The Corby Gang Show is an annual variety show provided by the Scouts and Guides of the Glendon District in the county of Northamptonshire. We have been running for nearly 60 years and we are continuing to grow each year to ensure that we can bring fantastic fun filled performances to you!
The aim of our show is to give young people in Scouting and Guiding the opportunity to experience all aspects of performance skills including singing, dancing, acting, comedy and also promoting traditional scouting values whilst performing in an amateur theatrical environment. This process over the years has enabled young people and adults to develop their confidence, self-esteem, commitment, team working skills, improve their social skills by making new friends, and also enhance their sense of community by providing entertainment to the public and to the borough of Corby by representing their town and also Scouting and Guiding in Glendon District.
History of Gang shows
The idea of the Gang show comes from a man called Ralph Reader CBE who wrote, produced and
directed the first Gang show in London in 1932. At that time Ralph Reader was a British actor,
producer and choreographer who was very active in the Scouting Movement. The production of the
London Gang show which was entitled ‘The Gang’s All Here’, was a mixture of sketches, songs and
dance numbers that’s initial aim was to raise funds. The public and the critics were hugely impressed
so much so that the following year Ralph Reader created the production of ‘The Gang Comes Back’
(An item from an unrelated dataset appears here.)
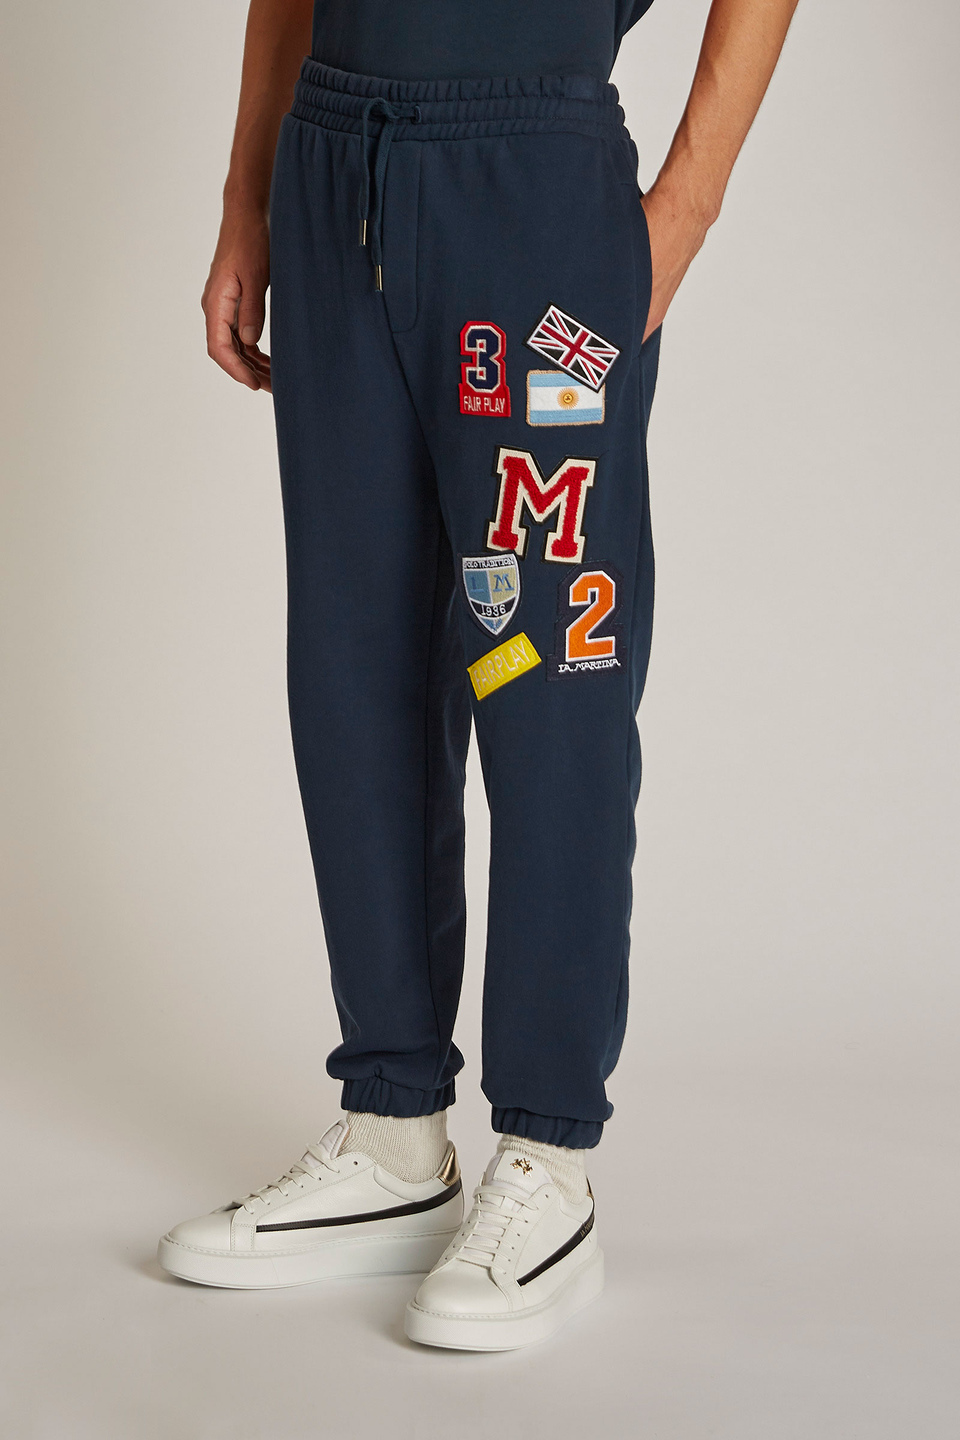 Pantalone da uomo modello jogger in cotone elasticizzato regular fit - La Martina - Official Online Shop
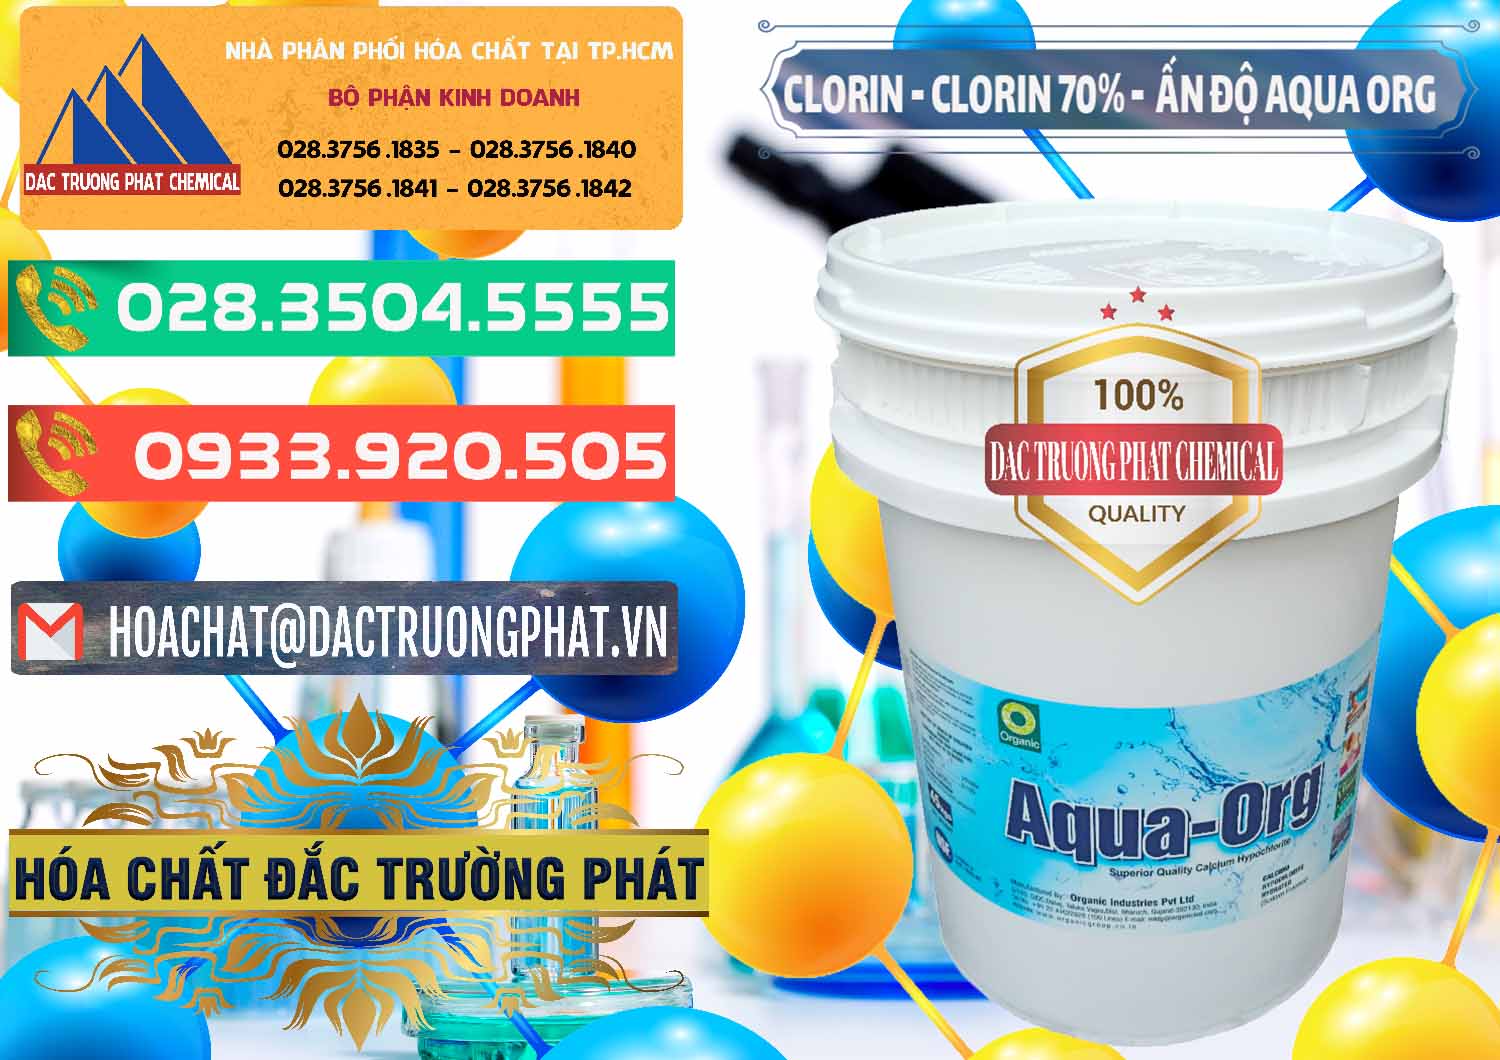 Cty chuyên kinh doanh và bán Chlorine – Clorin Ấn Độ Aqua ORG Organic India - 0051 - Cty chuyên cung cấp & kinh doanh hóa chất tại TP.HCM - congtyhoachat.com.vn

which was a huge success ending up in hundreds being turned away and from that moment on the
public referred the shows as ‘The Gang show’ which is where the concept was created. The
Gang shows are like any other theatrical production except the stars of the show were solely
volunteers and nine times out of ten the boys dressed up as girls! Ralph Reader then went on
to write a lot of the material that you see in Gang shows today especially the signature song of
‘On the Crest of a Wave’ that is featured in most Gang shows around the world that are based on
the original concept of the London Gang show in 1932.
Ralph Reader decided that the cast members should be organised as a Scout Troop which then lead to the Troop wanting an identifying feature which was then decided to be the red scarf/necker, which has now become a worldwide symbol of Gangshows and to distinguish one show from another it was decided that the name of the show would go through the initials GS and be embroidered in gold writing on the back of the red scarf.
Corby Gang show
Corby Gang show were lucky enough to be awarded our red scarf by Ralph Reader himself in 1962 and we have held onto it since with pride. We were proud to be asked in 2011 to introduce the concept of Gang shows to the Danish members of the Scout Association. Whilst rehearsing for our own show in the UK video clips were being shared with our scouting friends in Denmark for them to rehearse to, so that when the Corby Gang arrived in Denmark we had 3 days to pull together a fully integrated show – Denmark’s first ever Gang show in their country. We have since maintained the connection and have produced a further Danish Gang show that happened in 2013 and we hope to continue to support Danish Gang shows in years to come – this strengthens and maintains the links and friendships that arise from Gang shows.